LONDON — Billionaire Oleg Deripaska on Friday lost a London court ruling over presenting expert evidence about Russian organized crime in a lawsuit brought against him by a former business partner.

Michael Cherney, also known as Mikhail Chernoi, is suing Deripaska for at least $3 billion in the High Court, claiming he failed to honor an agreement concerning stakes in two aluminum companies. Deripaska is CEO and a co-owner of United Company RusAl, the world's biggest aluminum company.

Cherney was a "representative of Russian organized crime," who infiltrated his business as part of a "protection racket," Deripaska's lawyer Ali Malek said at the hearing. Malek said a judge should hear evidence from an organized crime expert at a trial over the dispute, scheduled to take place in 2012. The expert would testify on the "endemic" criminality that infected Russian business in the 1990s, he said.

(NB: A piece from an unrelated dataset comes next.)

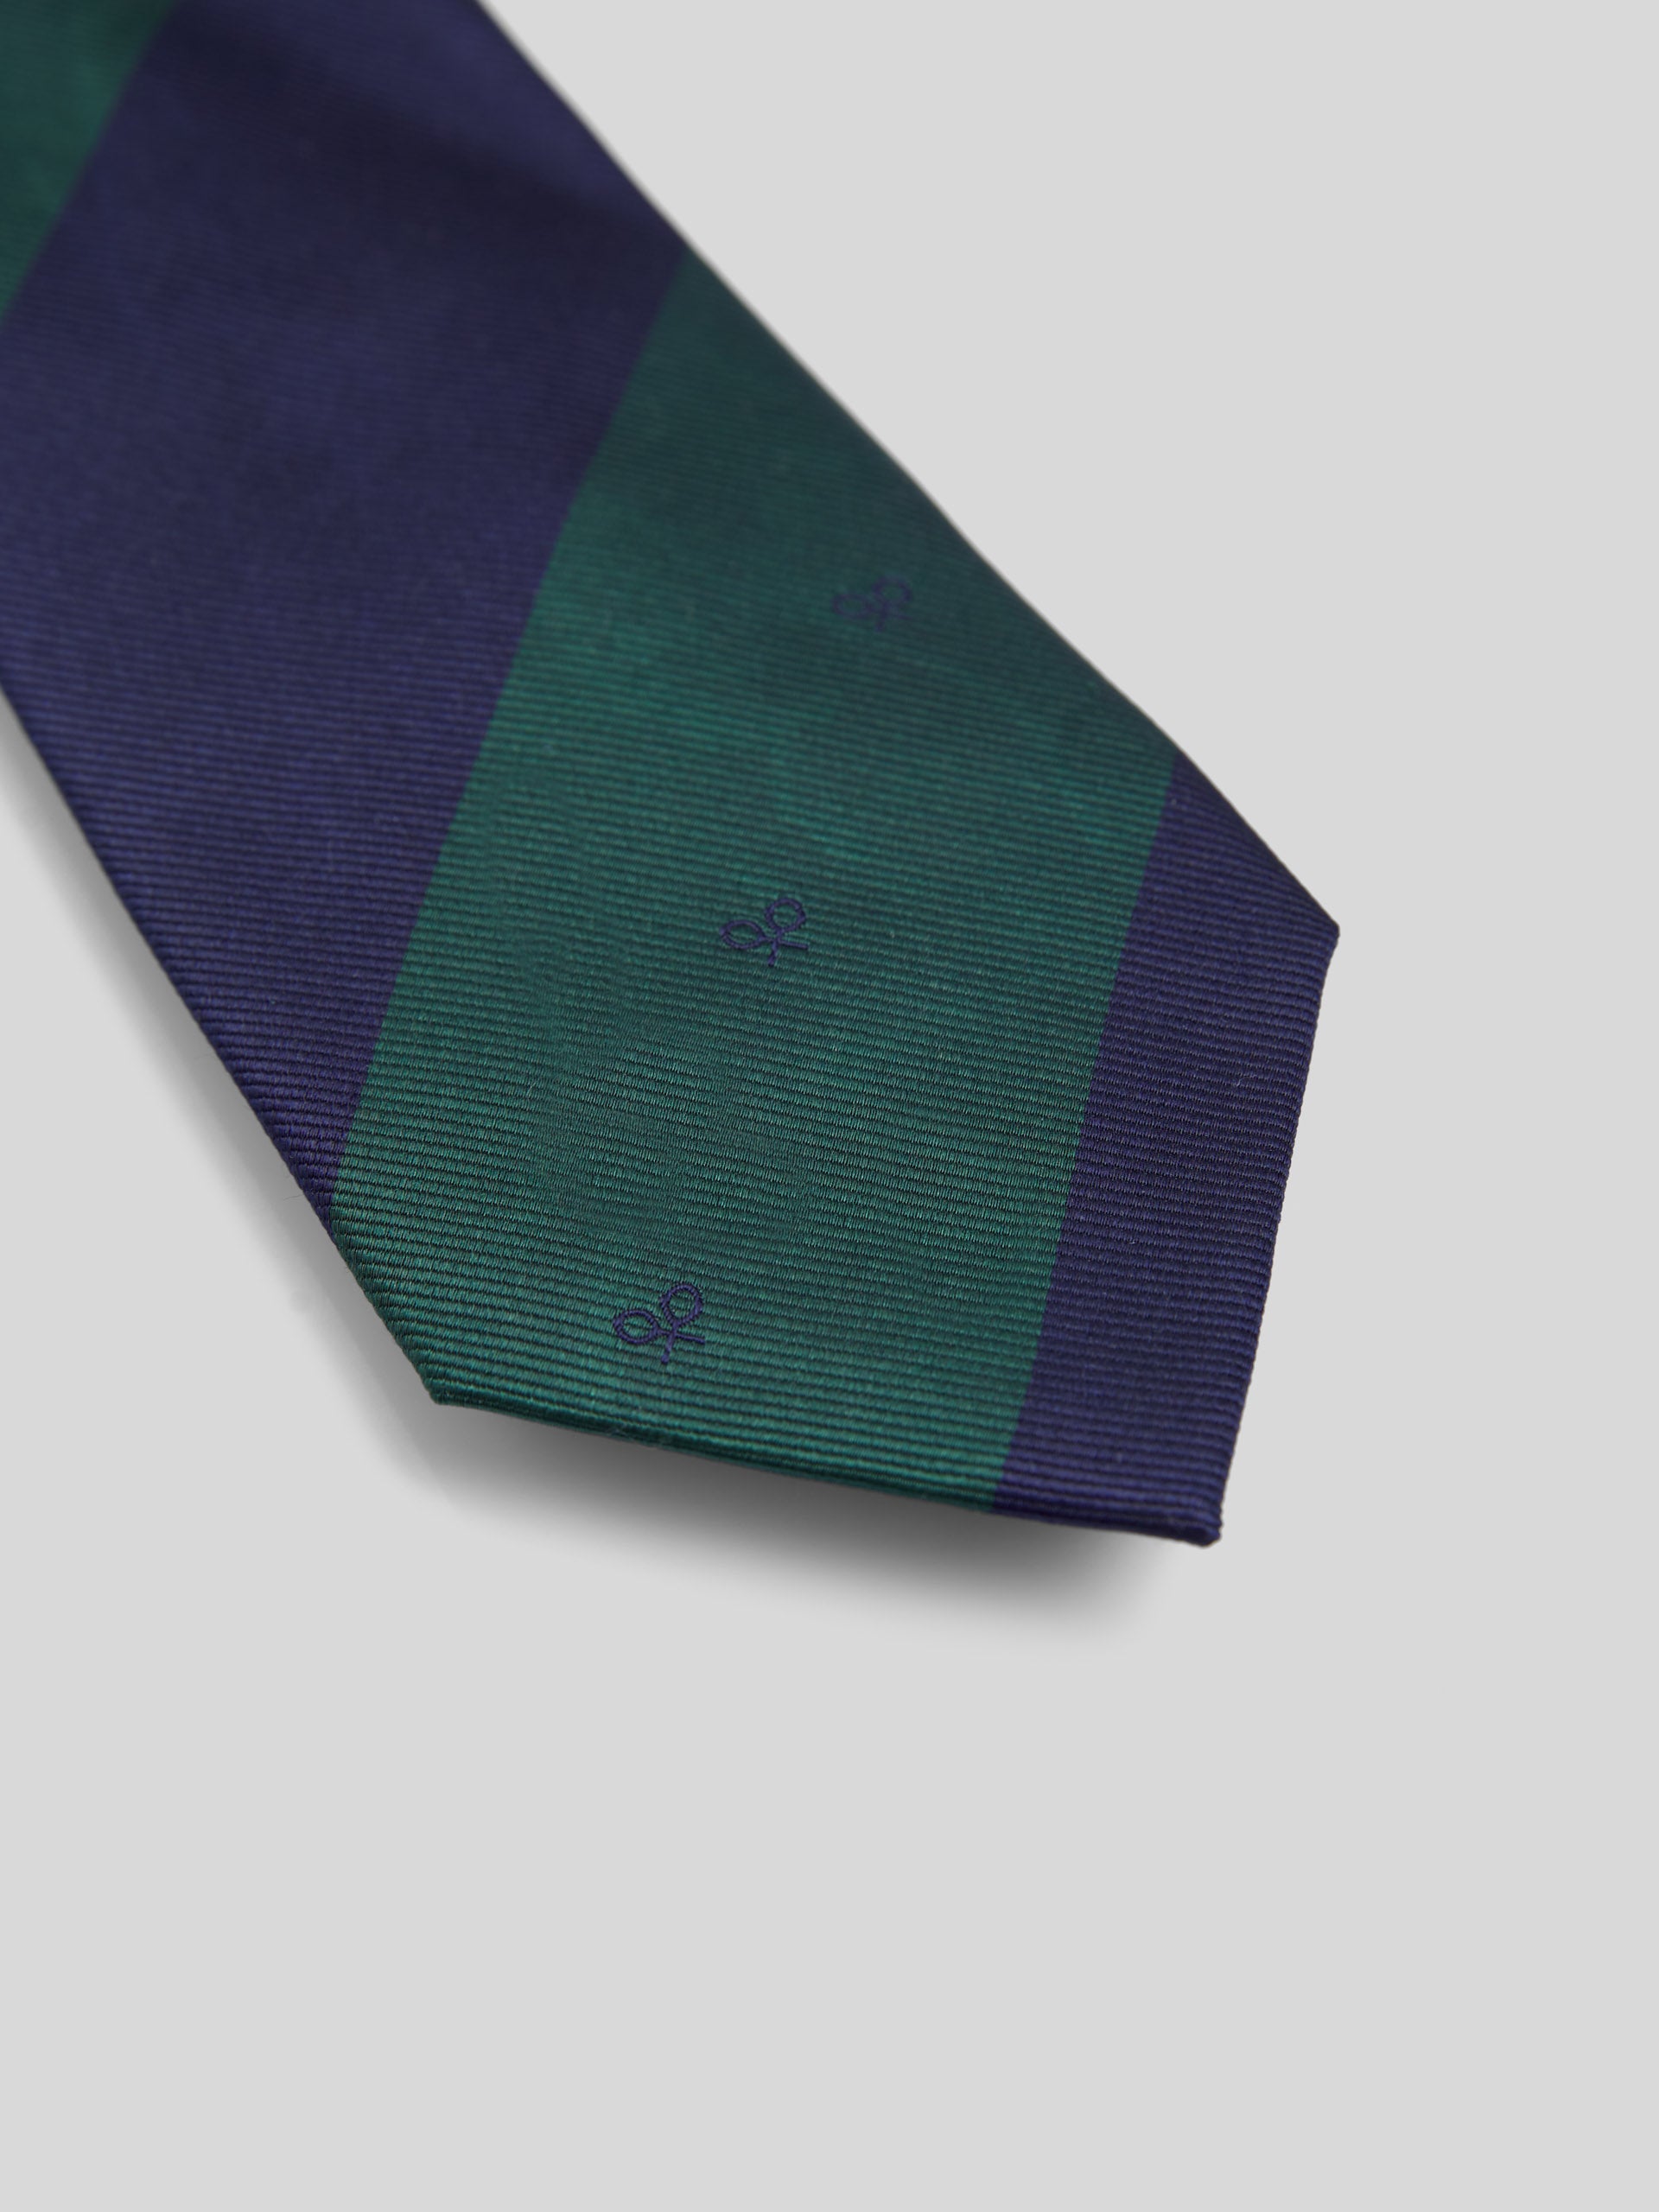 Corbata silbon rayas verdes raquetas

Justice Nigel Teare ruled that expert evidence on the issue was not necessary, as information about the nature of organized crime did not help to determine whether Cherney was "part and parcel" of it.

Cherney's lawyer, David Foxton, said after the hearing that his client denied the allegations and had "nothing to do" with organized crime.

"Mr. Cherney claims to have been a business partner of Mr. Deripaska and alleges he is entitled to a stake in RusAl, for which he is seeking compensation," Deripaska's spokesman David Osborn said in an e-mailed statement. Cherney's claim is "baseless, riddled with holes and contradictory."

Deripaska will continue to pursue his application to allow evidence about organized crime to be introduced, the spokesman said.